Class Reuse is a third and more sophisticated approach that exploits the class inheritance mechanism in Python. Common model features are coded in a base class, and model variants are written as ‘child’ classes of the base class, able to inherit code from the base class directly with or without programmatic modification. Code from multiple variants can then be combined by further inheritance from more than one of these classes. For example, we used Class Reuse to model the effects of reaction compartmentalization on interactions among pro‐apoptotic Bcl‐2 proteins at the mitochondrial membrane (Figure 3C). In one case, we assumed that reactions took place in two well‐mixed reaction compartments corresponding to cytosol and membrane (Figure 3C, TwoCpt), and in the second, we assumed that each mitochondrion constituted a distinct reaction compartment ( MultiCpt). In addition, we independently explored different reaction topologies involving the Bcl‐2 proteins tBid and Bax. Both topologies ( Topo1 and Topo2) include the translocation of tBid and Bax to membranes but only the second topology ( Topo2) incorporates activation of Bax by tBid.

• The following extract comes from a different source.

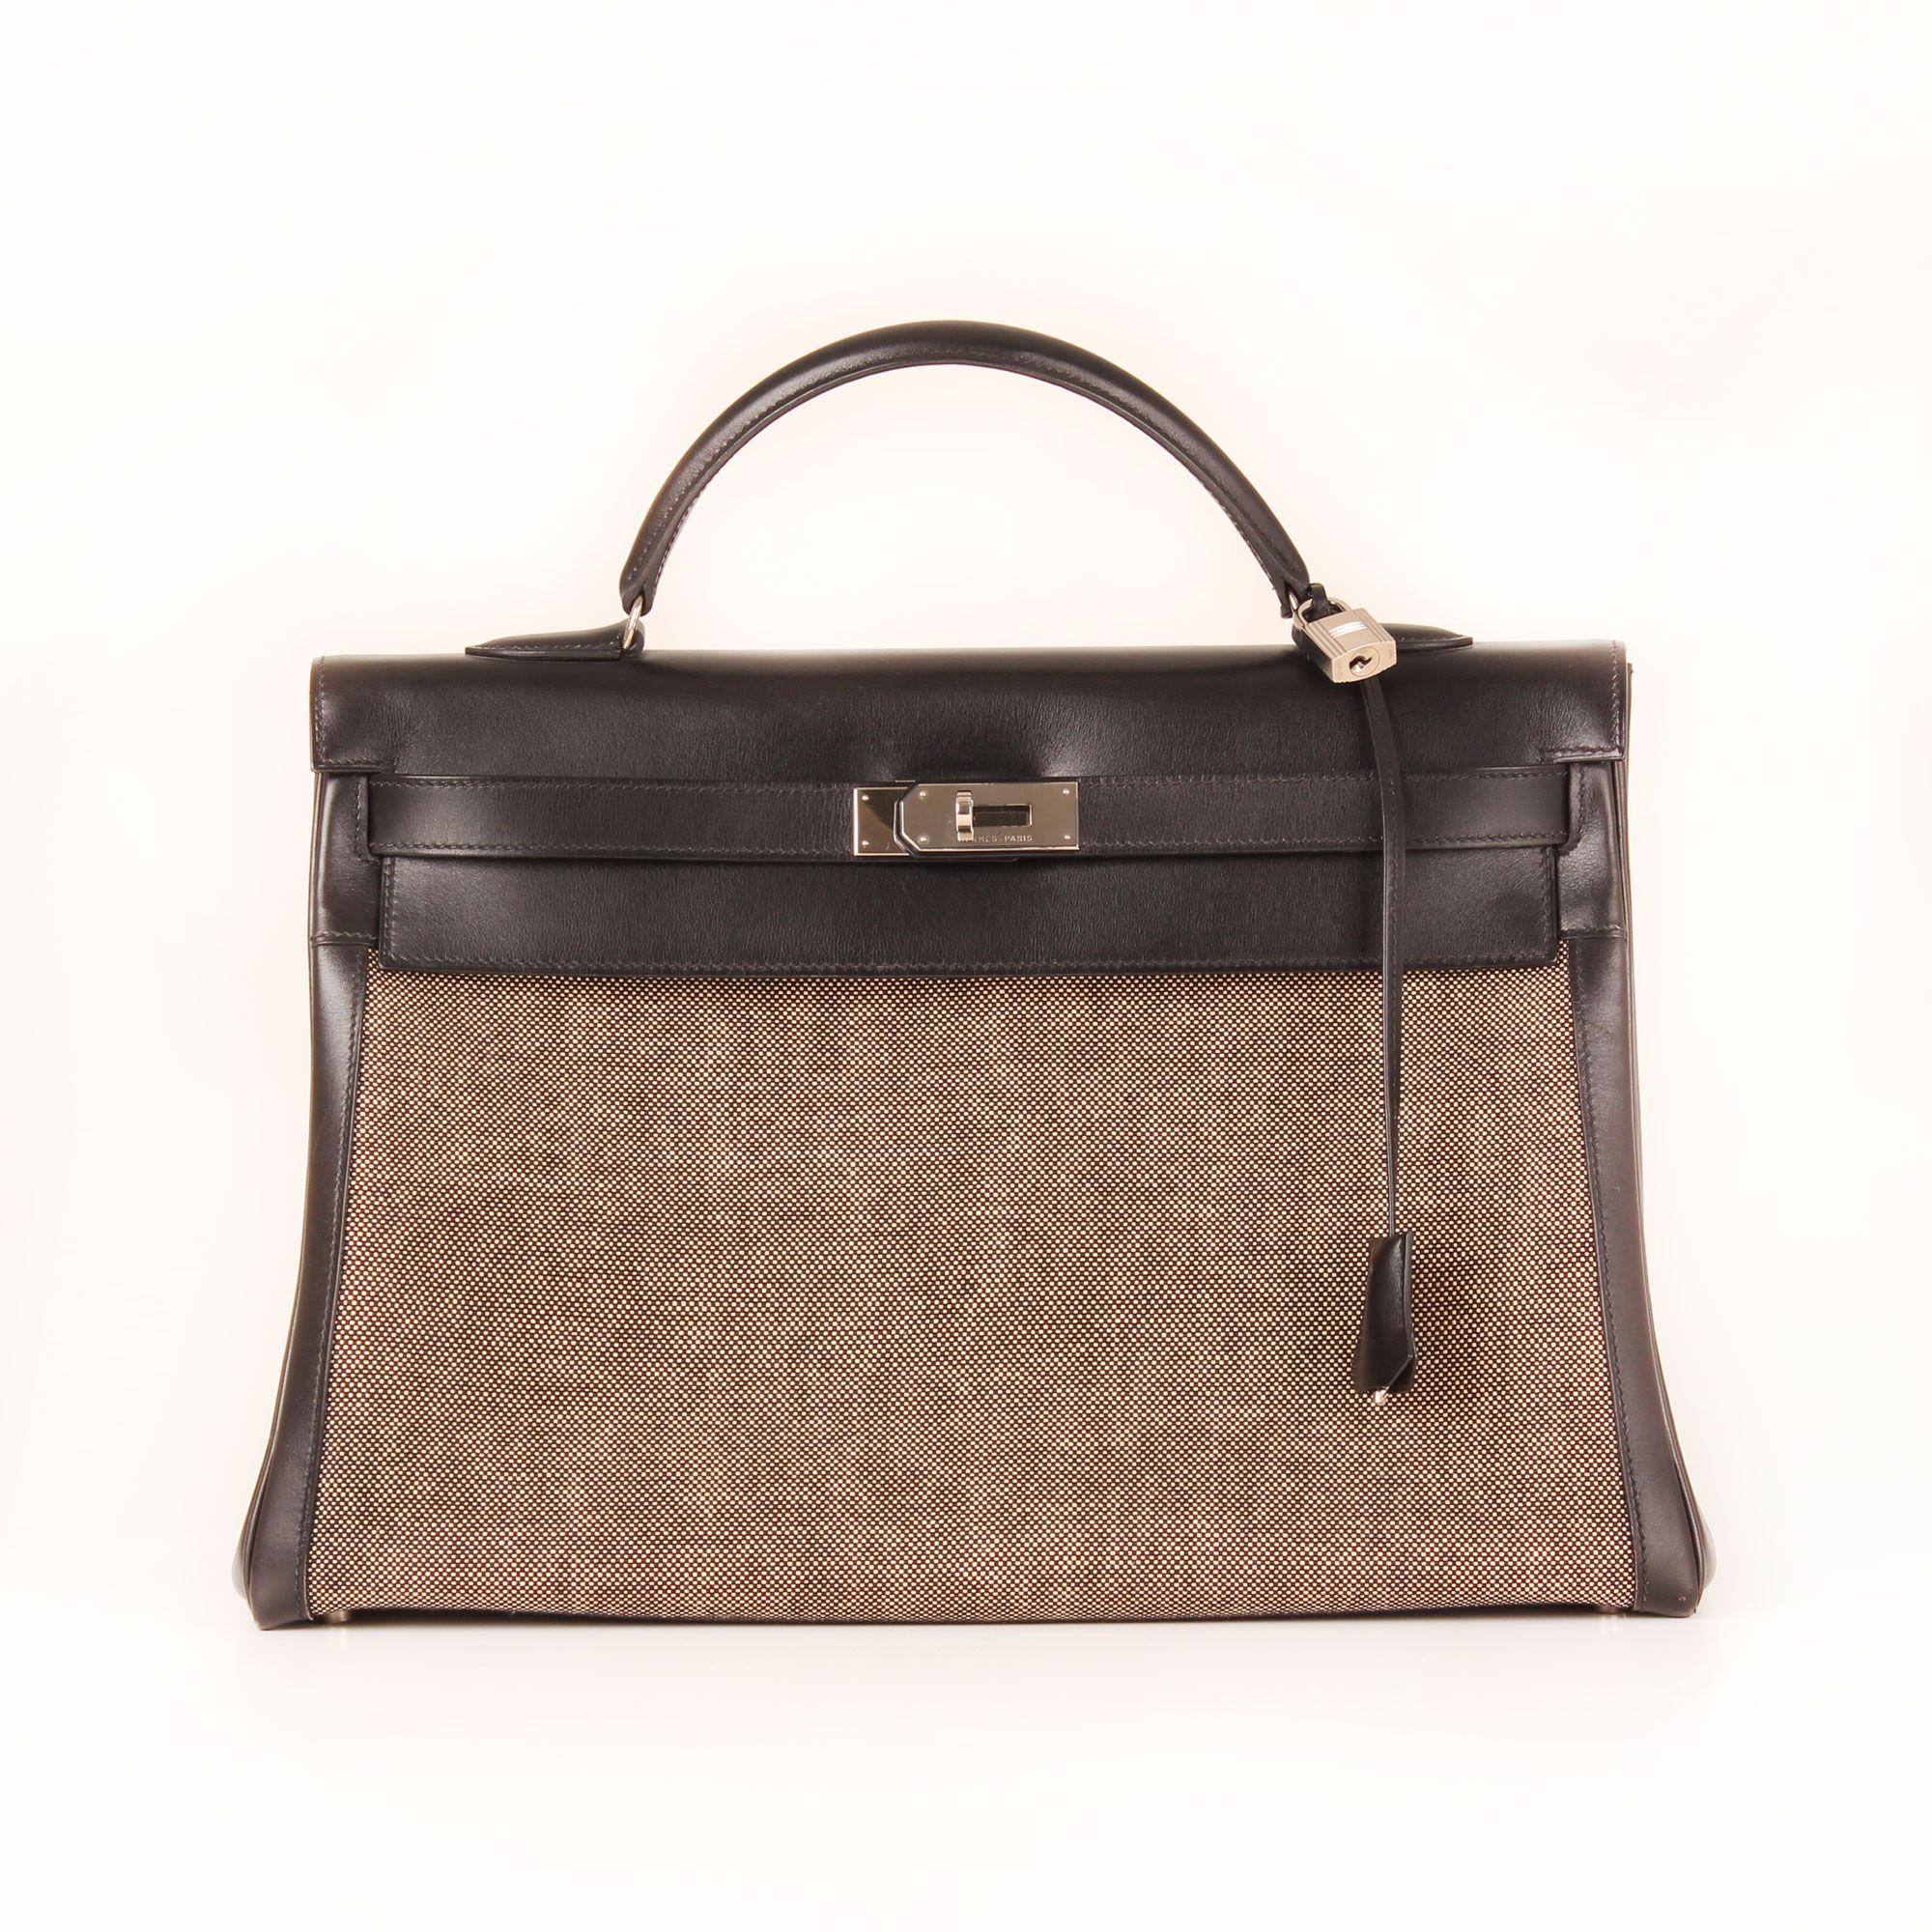 6b580d50a5e hermes-bag-kelly-40-canvas-black-leather

We used inheritance to automate creation of four different models having different compartmentalization schemes and reaction topologies (e.g., TwoCpt_Topo1). The notable feature of Class Reuse is that model variants are created and combined over multiple independent ‘axes’—in this example, compartmentalization and protein‐interaction topology—transparently and with no duplicated code.

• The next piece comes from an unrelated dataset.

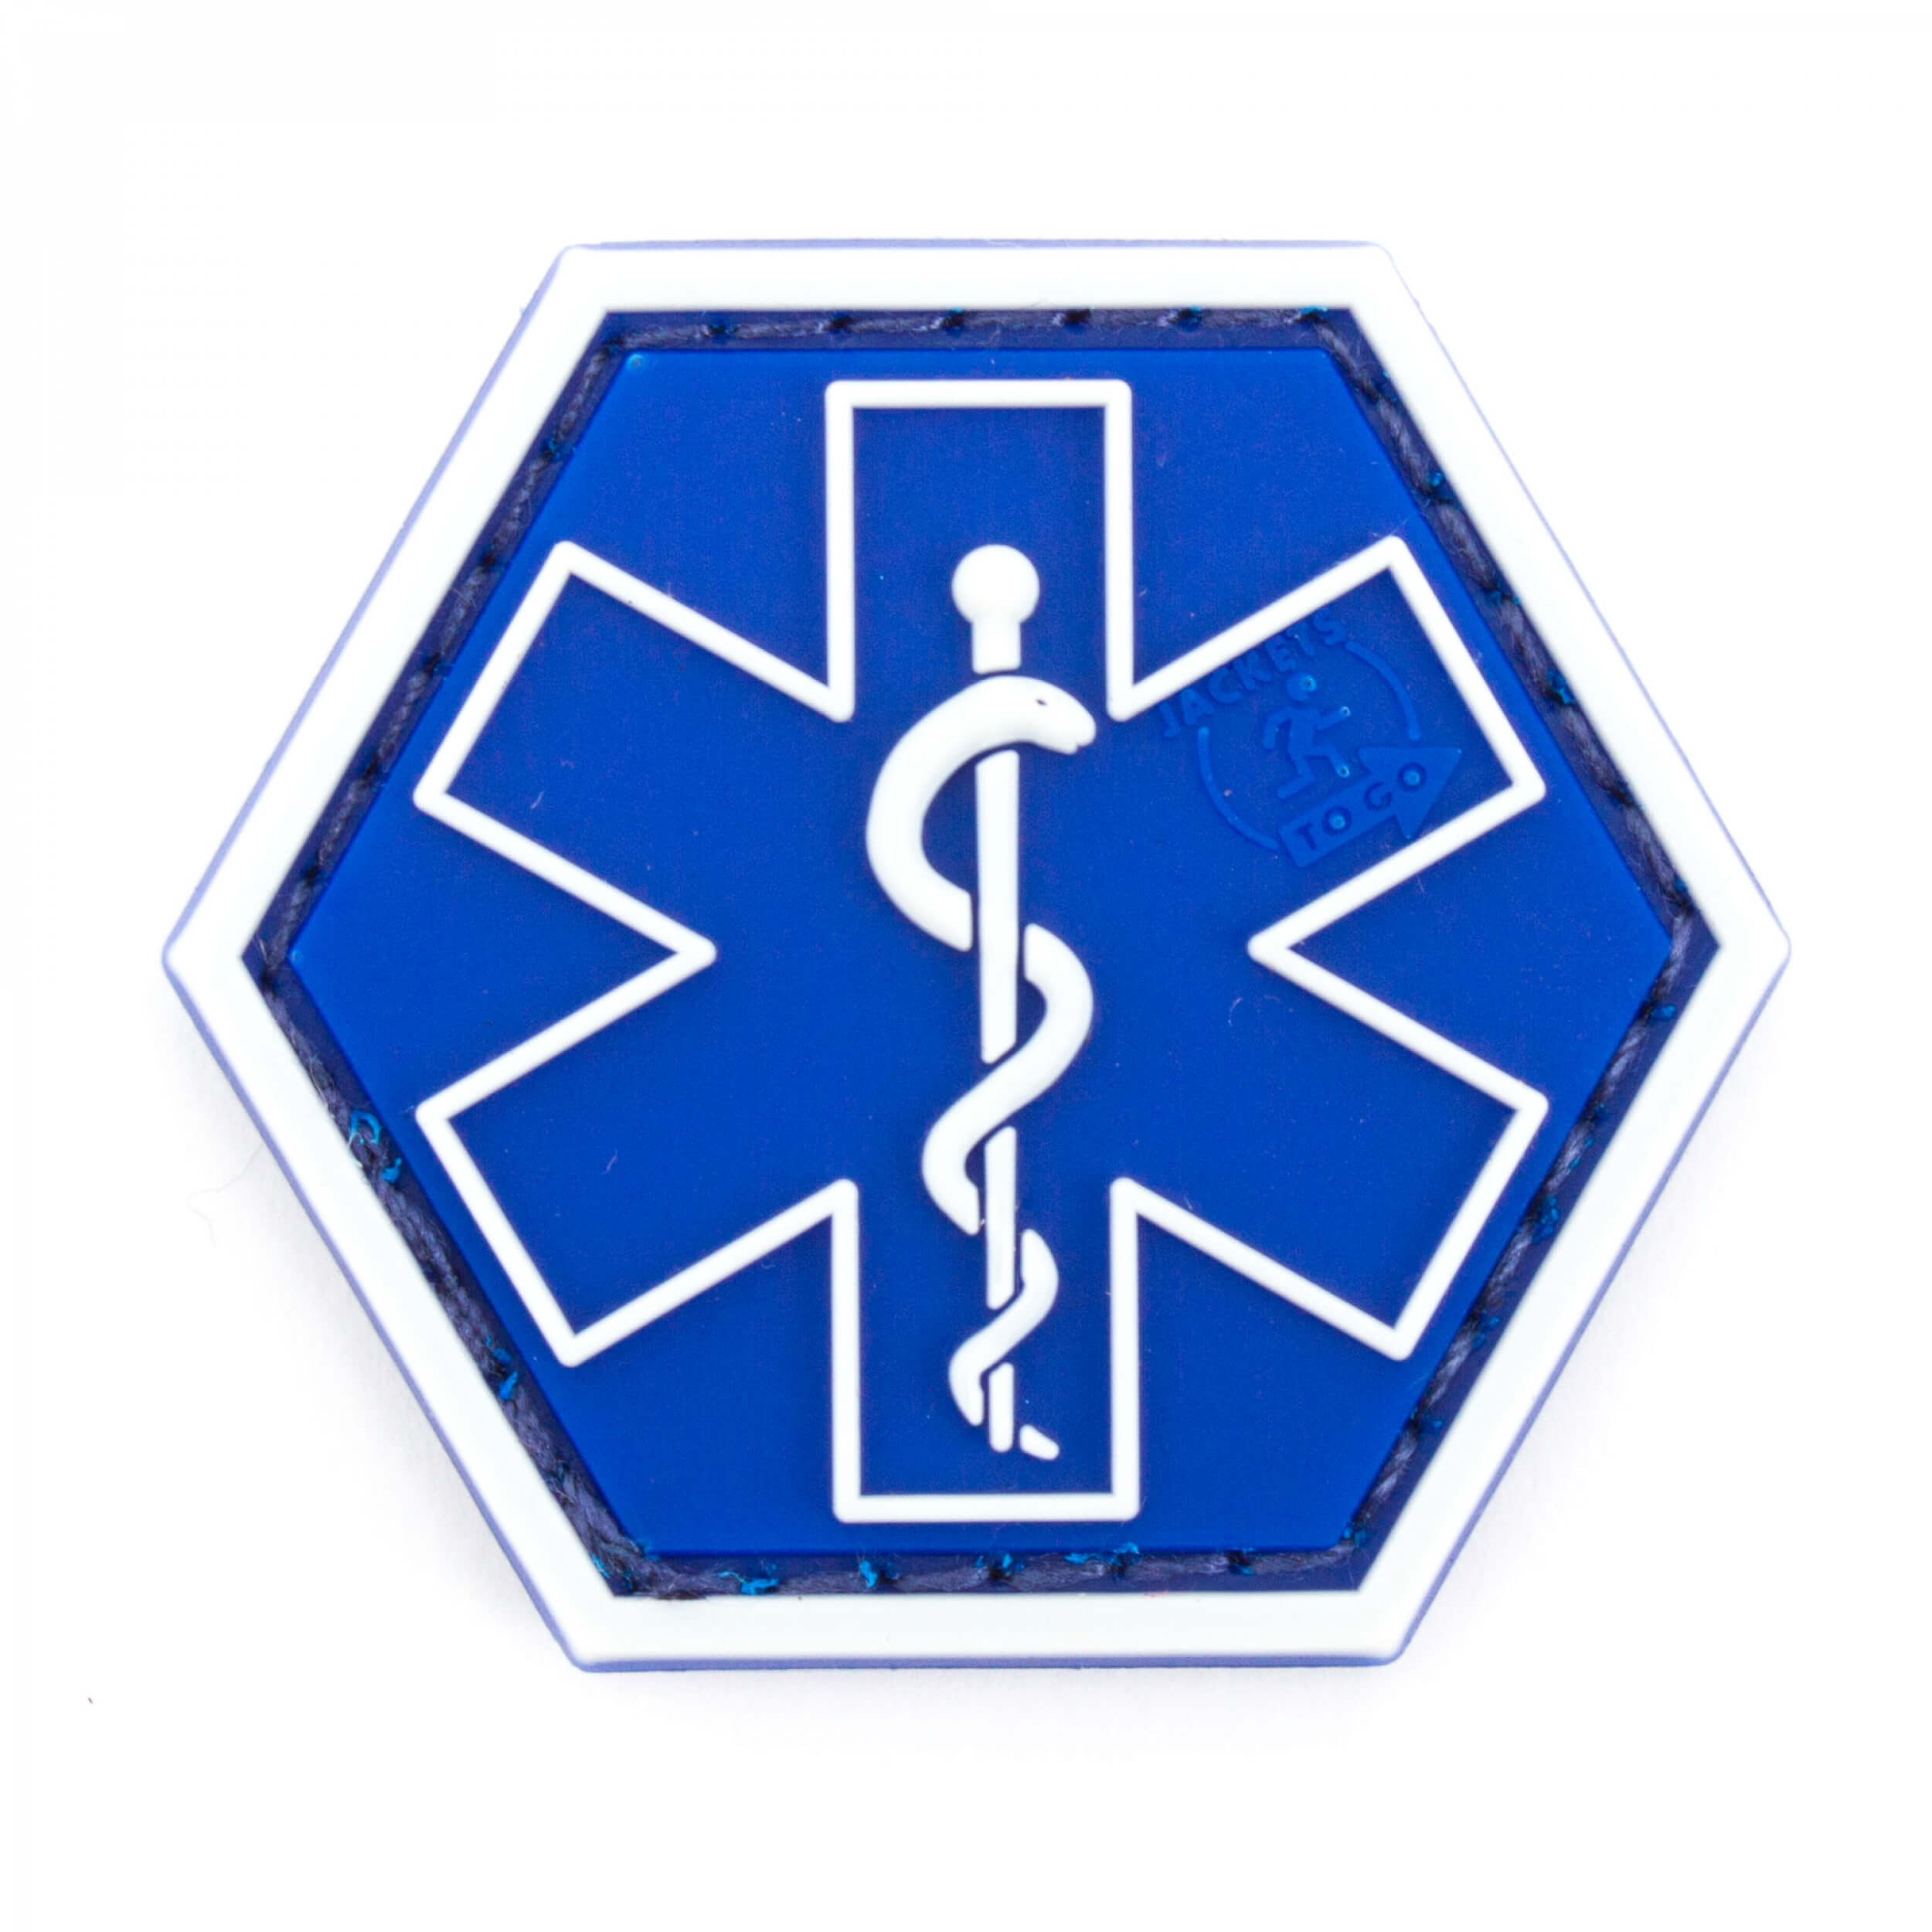 JTG PARAMEDIC, blau Hexagon Patch   (gb)

Integration with the Python ecosystem and external modeling tools
The iterative process of model development is dramatically accelerated when tools for model creation, simulation, analysis, and visualization are integrated. Many commercial and academic software packages, including Mathematica (Wolfram Research) and MATLAB (Mathworks, 2012), provide integrated tools for equation‐based models but are unwieldy to use with rule‐based or programmatic approaches because models must be exported and imported using SBML (Hoops et al, 2006; Maiwald and Timmer, 2008). At the same time, rule‐based model editors such as RuleBender for BNGL (Smith et al, 2012) and RuleStudio for Kappa (https://github.com/kappamodeler/rulestudio) facilitate development of rule‐based models but do not incorporate tools for data analysis, parameter fitting, and symbolic math. Simply by virtue of being written in Python, PySB interacts natively with a large and growing library of open‐source scientific software such as NumPy, SciPy, SymPy, and Matplotlib (Table I). Models written using PySB can also exploit Python tools for documentation generation ( sphinx) and for unit testing ( unittest, nose, and doctest), both of which we used extensively in creating the models of extrinsic apoptosis described below.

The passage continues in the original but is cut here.